● ASSIGNMENT:
Pictures are to be left out, and only the lines below starting at the one with "Set of Chinese" and ending at the one with "This beautiful set" are to be reproduced, each exactly, both ends included.

● THE RECORDS:
---------------
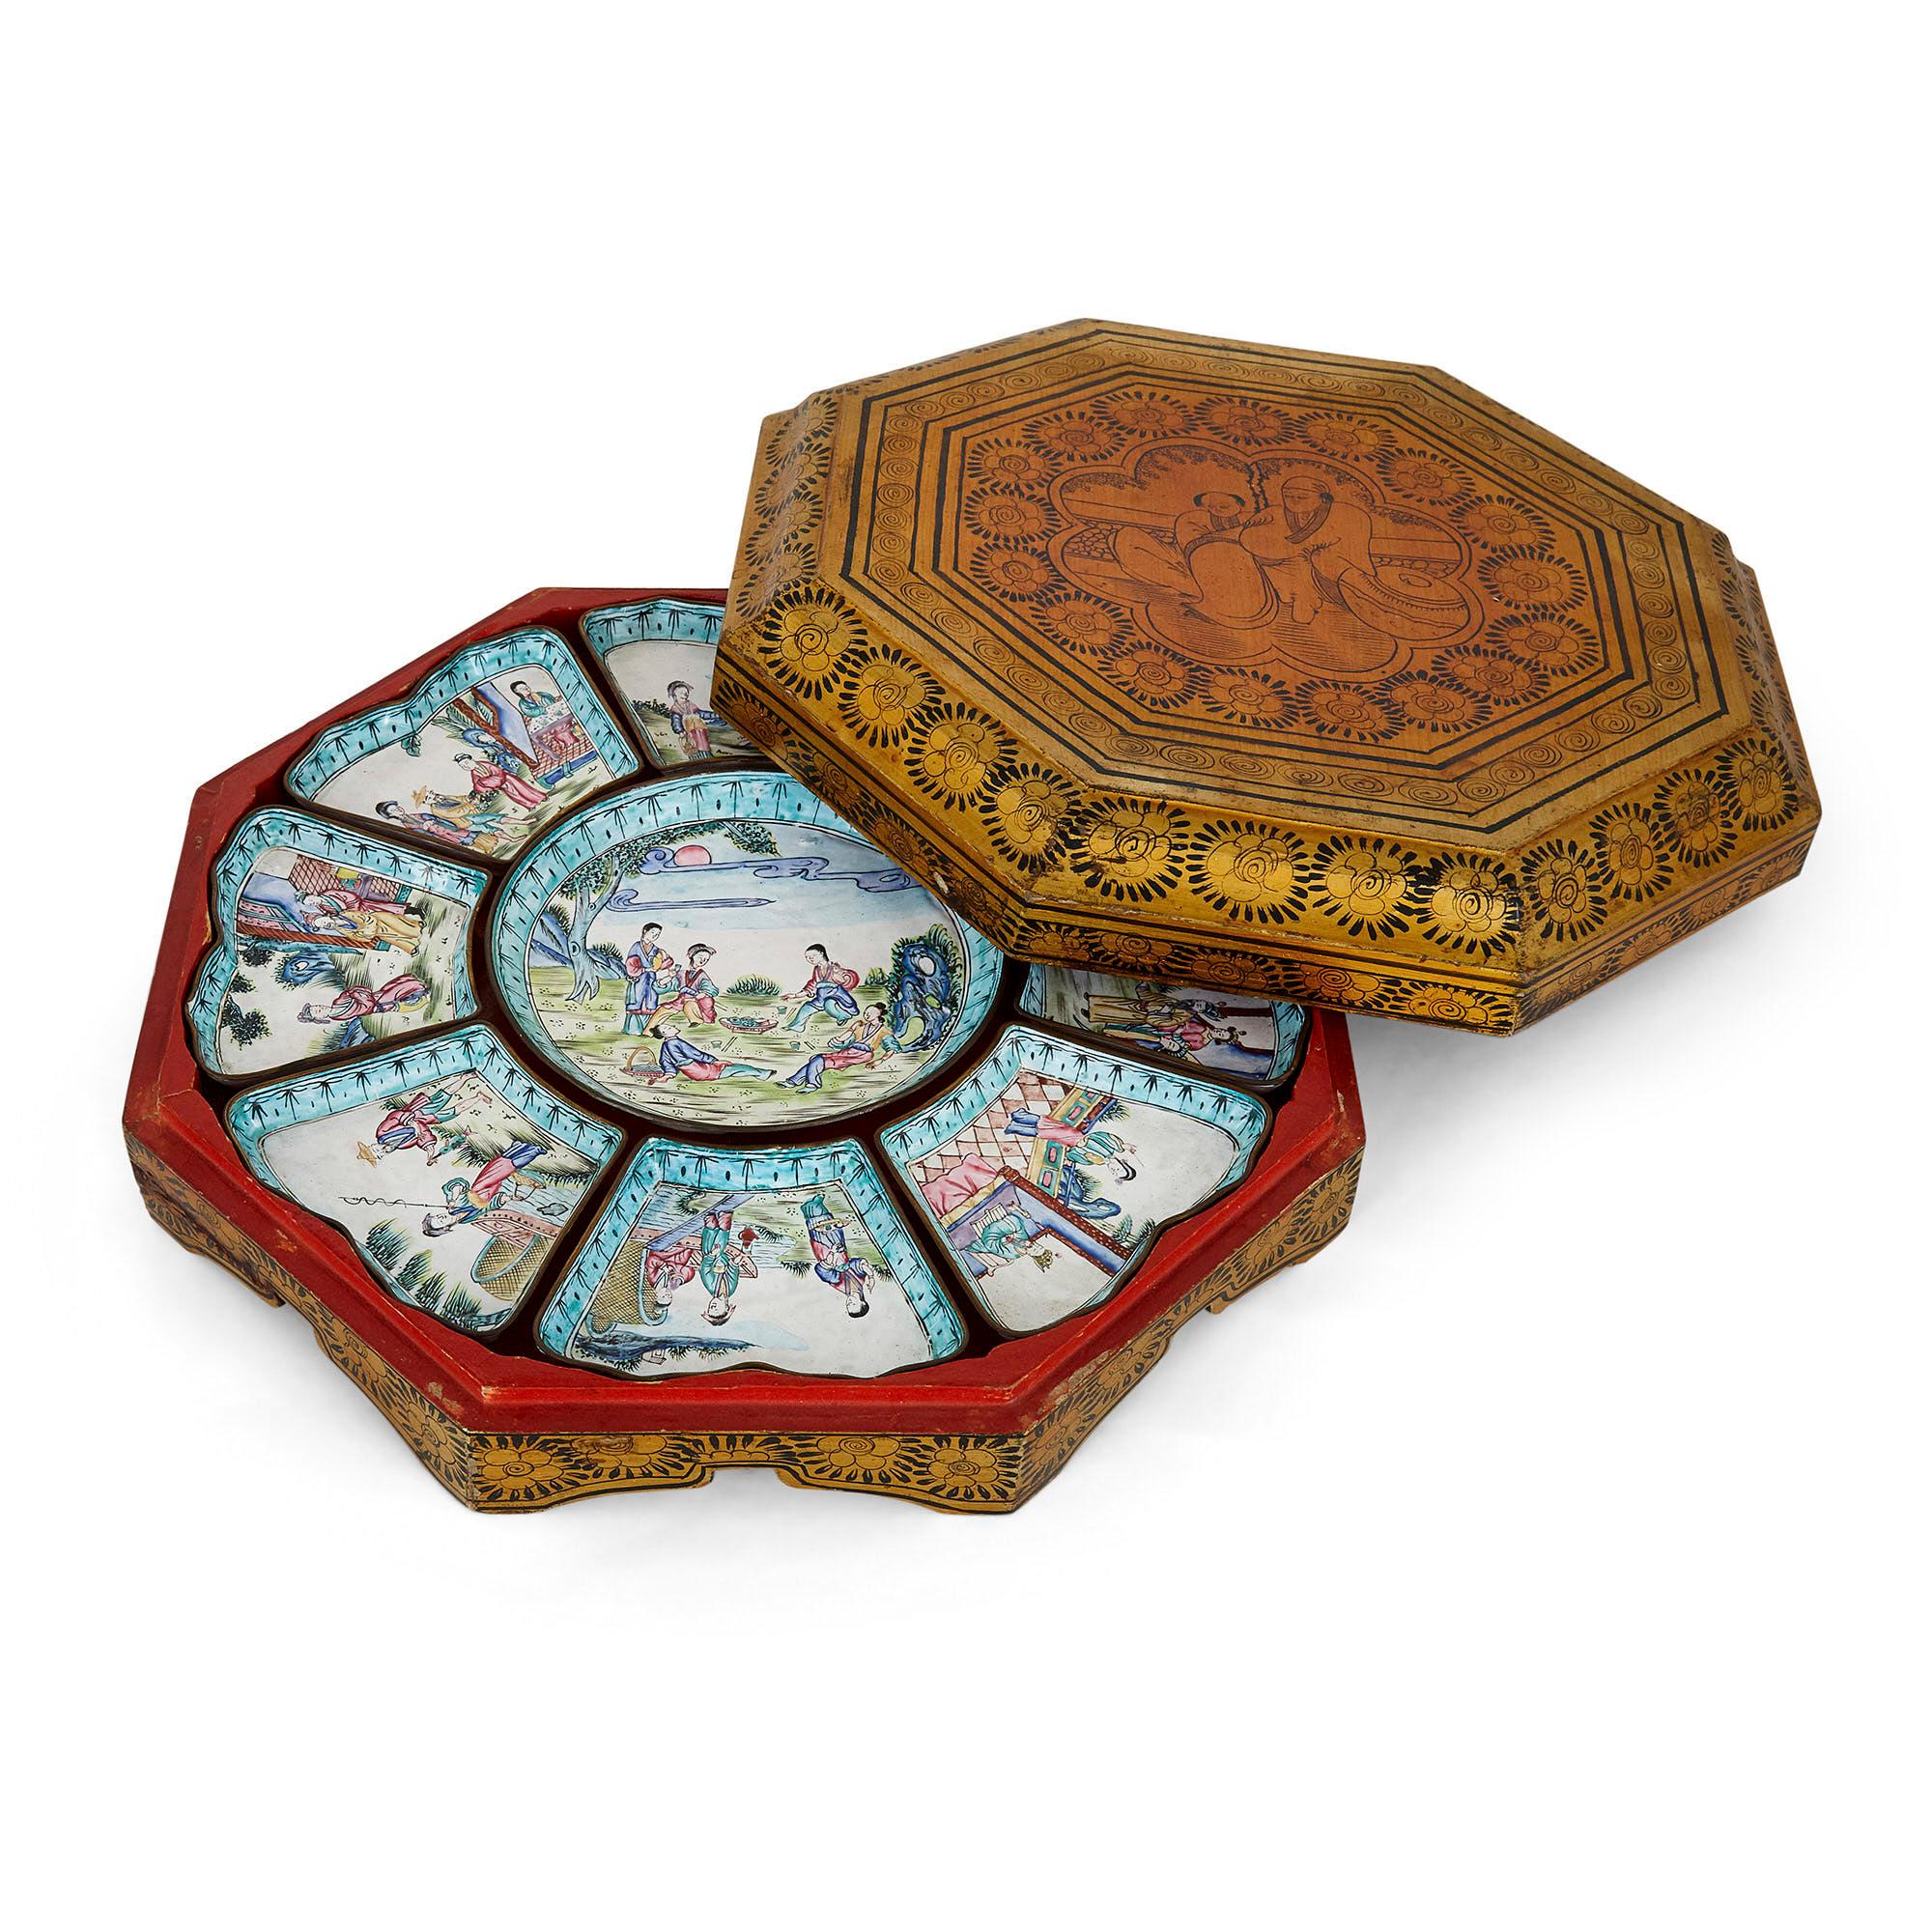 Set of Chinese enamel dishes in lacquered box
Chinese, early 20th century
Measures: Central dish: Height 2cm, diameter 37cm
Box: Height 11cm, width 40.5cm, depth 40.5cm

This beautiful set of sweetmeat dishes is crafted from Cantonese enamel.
---------------
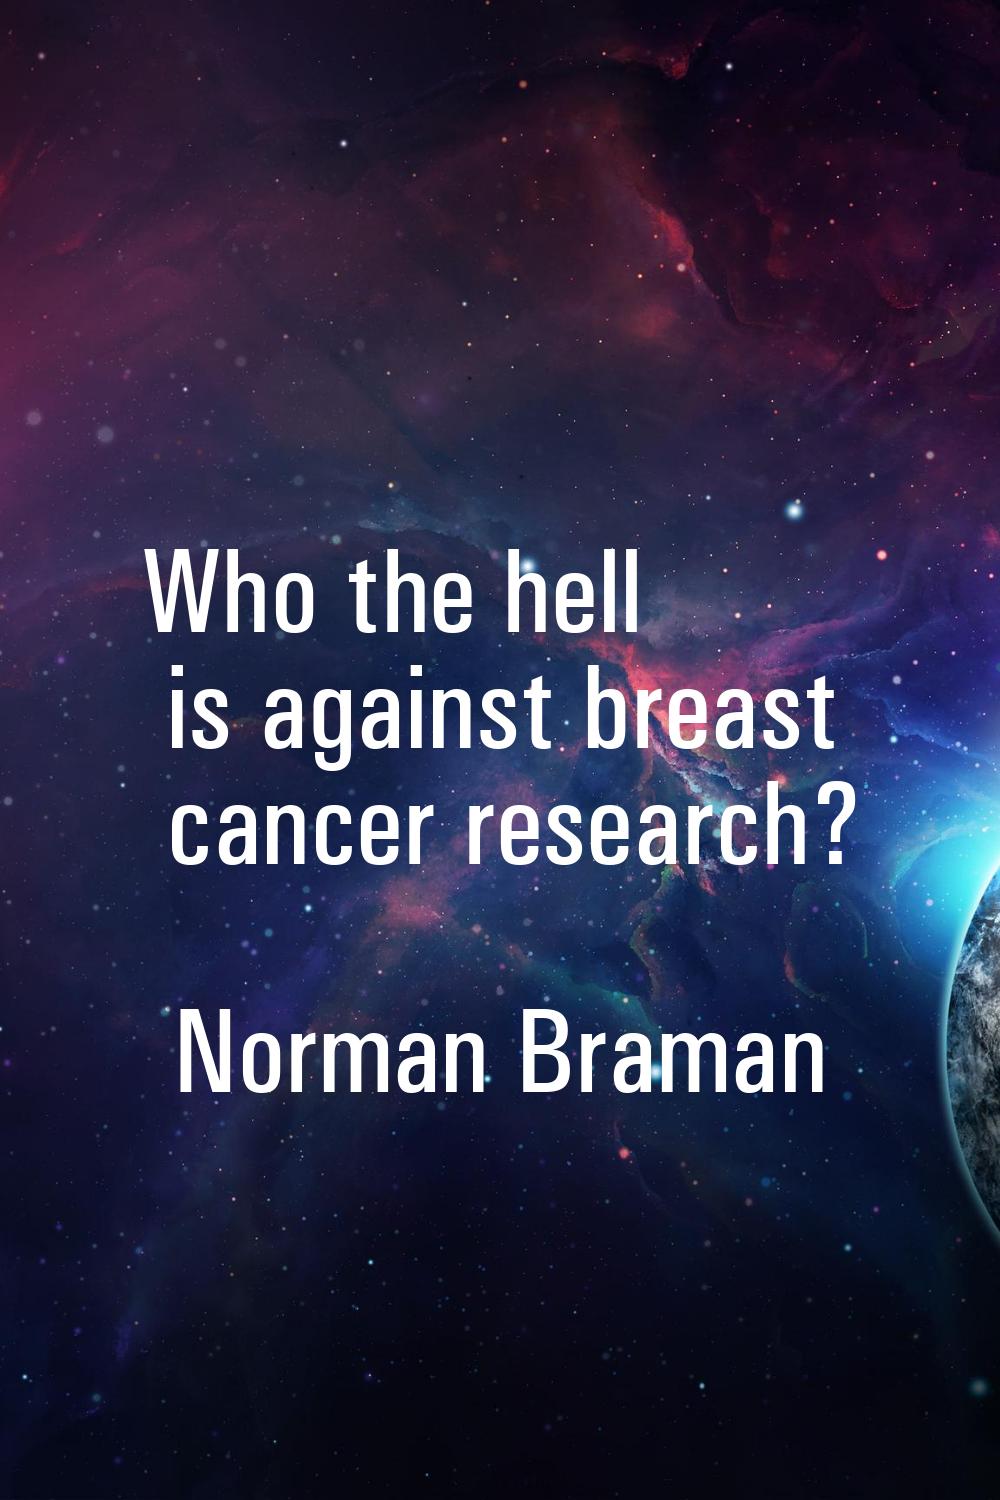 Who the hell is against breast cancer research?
---------------
● RESPONSE FOR THIS EXERCISE:
 Set of Chinese enamel dishes in lacquered box
Chinese, early 20th century
Measures: Central dish: Height 2cm, diameter 37cm
Box: Height 11cm, width 40.5cm, depth 40.5cm

This beautiful set of sweetmeat dishes is crafted from Cantonese enamel.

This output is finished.